SNS Regulator – Breast Cancer Metastasis
A study published in the journal Cancer Research identifies sympathetic nervous system (SNS) activation as a novel physiologic regulator of breast cancer metastasis to distant tissue sites.
The effects of the neuroendocrine system and microenvironment on breast cancer metastasis remain largely unexplored.
Recently, however, tumor tissue innervation is becoming accepted as a new hallmark of cancer. Experimental and clinical studies confirmed presence of sympathetic nerves in majority of human cancers, including breast cancer. Also, tumor cells originating from various tissues express adrenergic receptors, especially the β2-subtype. In vitro studies have shown that administration of β-adrenergic agonist stimulates tumor cell growth, whereas administration of β-blockers binding on β2-subtype significantly reduce cell growth. This subtype of adrenergic receptors is expressed also on breast cancer cells.
Sympathetic nervous system nerve fibers are present in organs that serve as key targets for breast cancer metastasis, including the lymph nodes, lung and bone but little is known about the effects of the SNS function or chronic stress on the dissemination of metastatic cancer cells from a primary tumor to distant target organs.
It appears that in cancer, the hyperactive SNS, via activation of β2-adrenergic receptors mediates substantial:
- Suppression of cellular immunity, and particularly NK and Th1 cells.
- Upregulation of immunosuppressive Treg cells.
- Upregulation of TGF-β, IL-6, IL-8 and IL-10 immunosuppressive cytokines.
- Upregulation of immunosuppressive MDSCs cells.
- Direct effect of β-adrenergic receptors on tumor proliferation and metastasis.
To investigate the role of neuroendocrine activation in cancer progression, in the Cancer Research study, Erica K. Sloan and colleagues used in vivo bioluminescence imaging to track the development of metastasis in an orthotopic mouse model of breast cancer.
The authors demonstrate that physical restraint, applied as a standardized stressor increased the metastasis of primary breast tumor cells to distant tissues by 38-fold, and stress increased metastasis in clinically relevant tissues, with a 37-fold increase in the lung and a 67% increase in the lymph nodes.
The beta-adrenoreceptor-agonist isoproterenol increased metastasis to distant tissues by 22-fold, whereas treatment of stressed animals with the beta-adrenoreceptor antagonist propranolol reversed the stress-induced macrophage infiltration and inhibited tumor spread to distant tissues.
SNS effects were mediated through beta-adrenergic signaling, which acted to recruit alternatively activated macrophages into the primary tumor parenchyma and thereby induce a prometastatic gene expression signature.
Sloan et al. argue that a direct regulation of macrophage biology by the SNS seems to constitute a previously unrecognized pathway by which external conditions affecting the autonomic nervous system can activate a metastatic switch within a growing primary tumor.
They suggest that pharmacologic inhibition of SNS activity could potentially constitute a novel adjunctive strategy for minimizing breast cancer metastasis. Furthermore, they also stress the importance of considering the patient’s overall physiology in the development of new therapeutic approaches to limit cancer progression and minimize metastatic rates in breast cancer.
The findings of this study are also substantiated by a recent report showing that the stress mediator epinephrine (adrenaline) promotes the transformation of M1-type to M2-type macrophages and, thus, accelerating tumor growth in a mouse model of breast cancer.
Furthermore, myeloid-derived suppressor cells (MDSC), a class of immune suppressor cells (≤1% of circulating cells), are characterized by the ability to suppress immune responses and expand during cancer. Of note, chronic stress promotes breast carcinoma metastasis by accumulating myeloid-derived suppressor cells through activating β-adrenergic signalling. It appears that stress upregulates MDSCs in breast cancer in mice.
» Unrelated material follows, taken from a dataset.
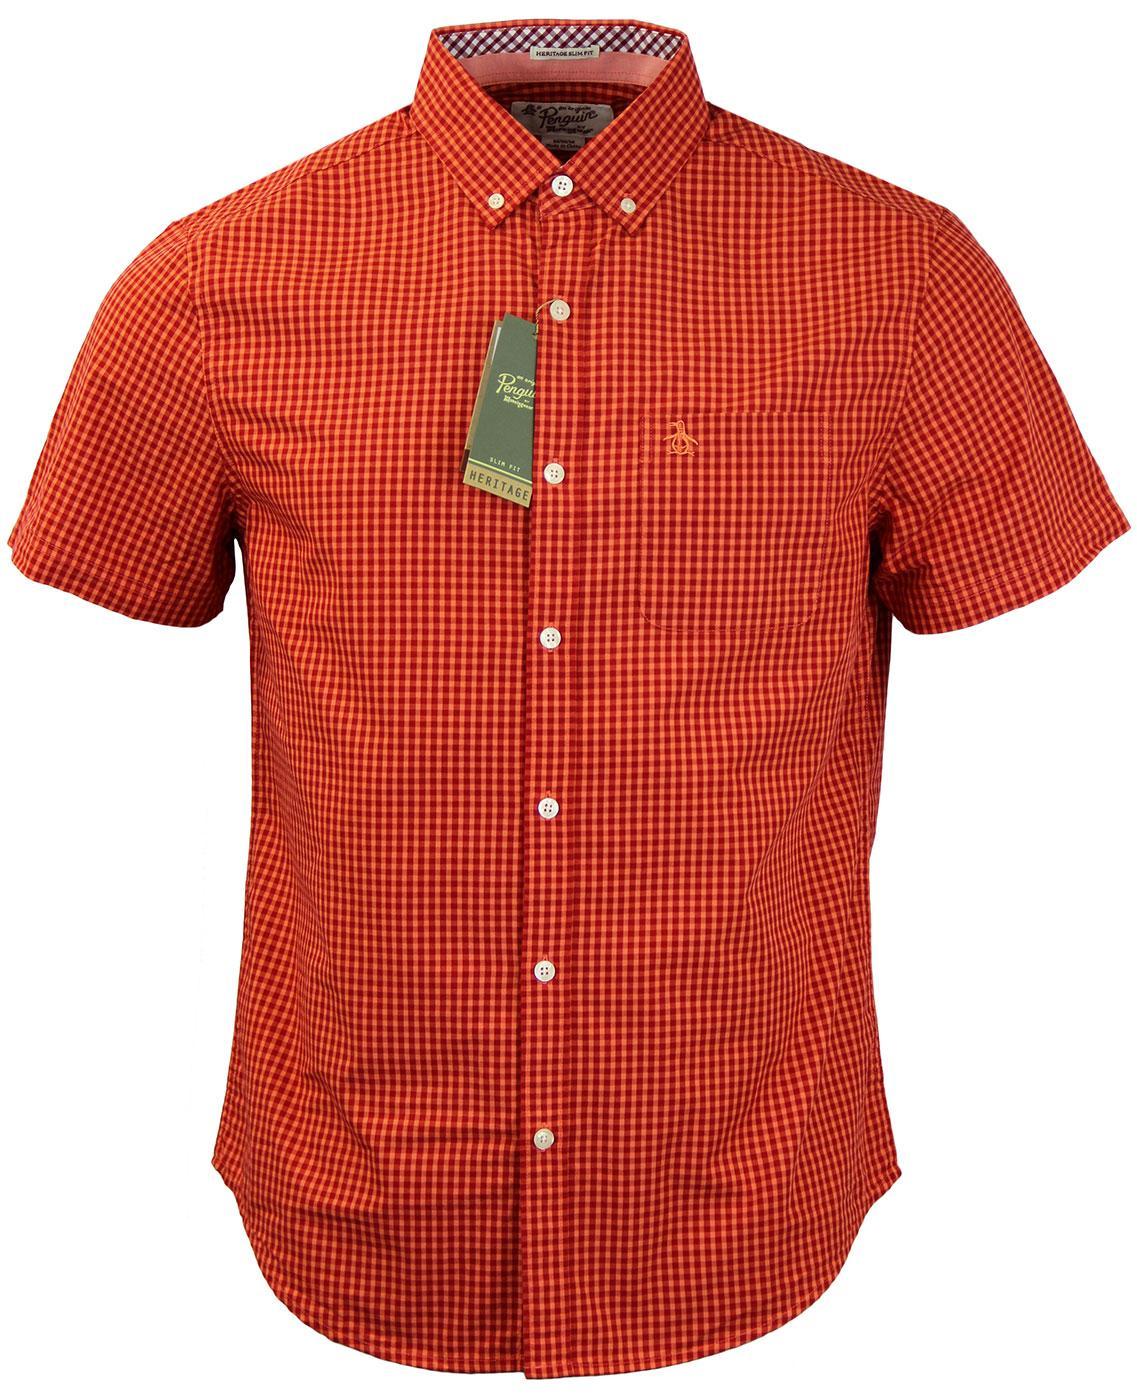 Belan Gingham ORIGINAL PENGUIN Retro Mod S/S Shirt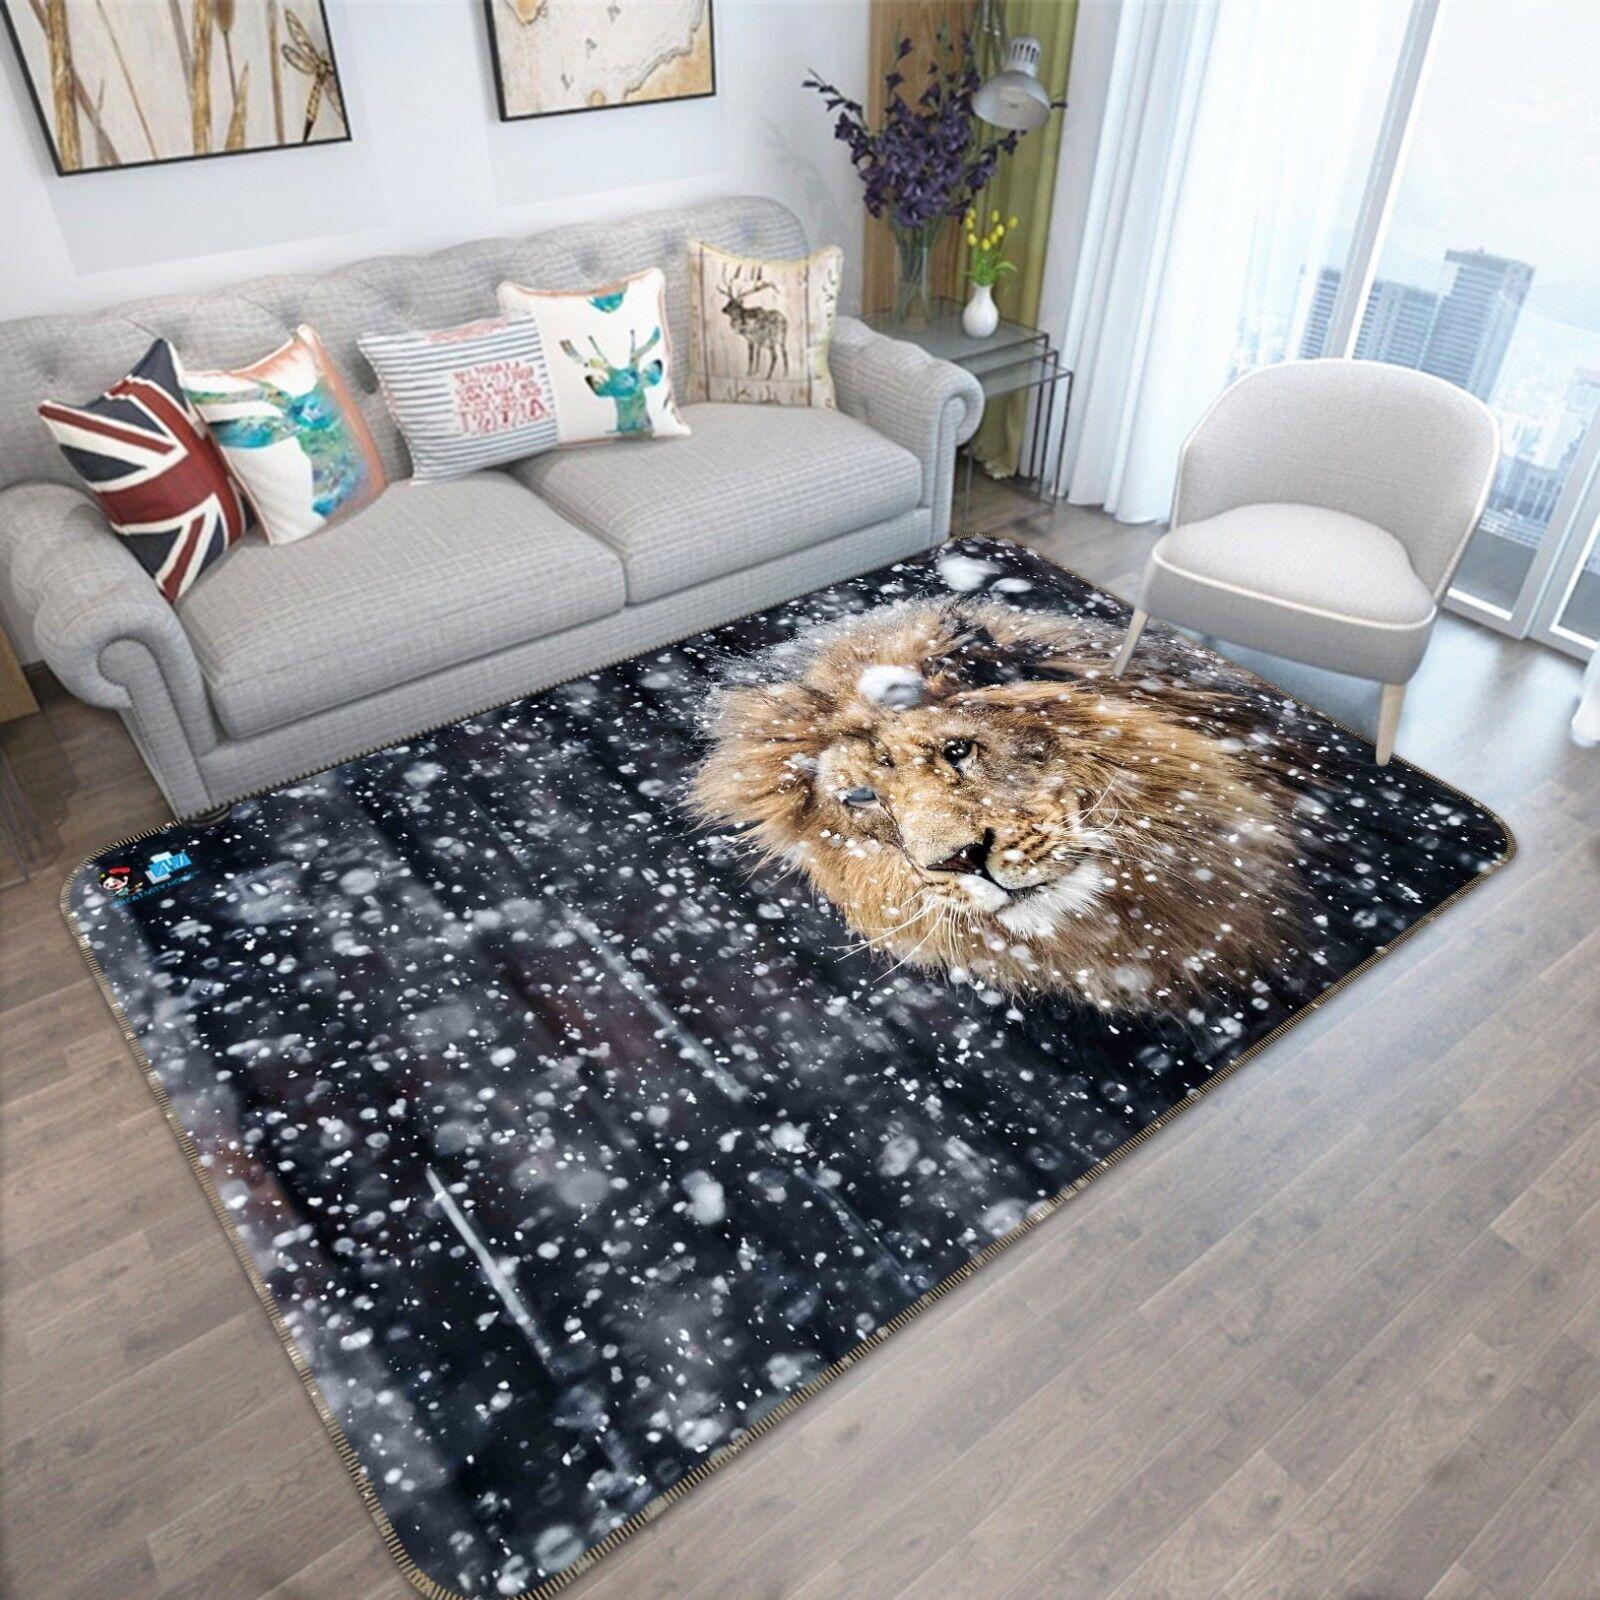 3D Lion Snowflake 44 Non Non Non Slip Rug Mat Room Mat Quality Elegant Photo Carpet UK 14c97d

Furthermore, chronic psychosocial stress not only increases the number of MDSC and Treg cells, but in the case of MDSC also enhances their suppressive capacity.
In conclusion, recent evidence indicates that the hyperactive SNS in breast cancer patients may drive and promote tumor proliferation, growth and metastasis. These features appear to be extremely amplified in triple-negative breast cancer (TNBC), the most aggressive type of breast cancer. In TNBC, the SNS overdrive is most likely coupled with an overexpression of β-adrenergic receptors in tumor cells, providing the micro and macro-environment for the growth of this very invasive and metastatic BC subtype.
Clearly beta-blockers hold therapeutic potential, and at least for propranolol the potential for repurposing is being actively pursued in multiple clinical trials.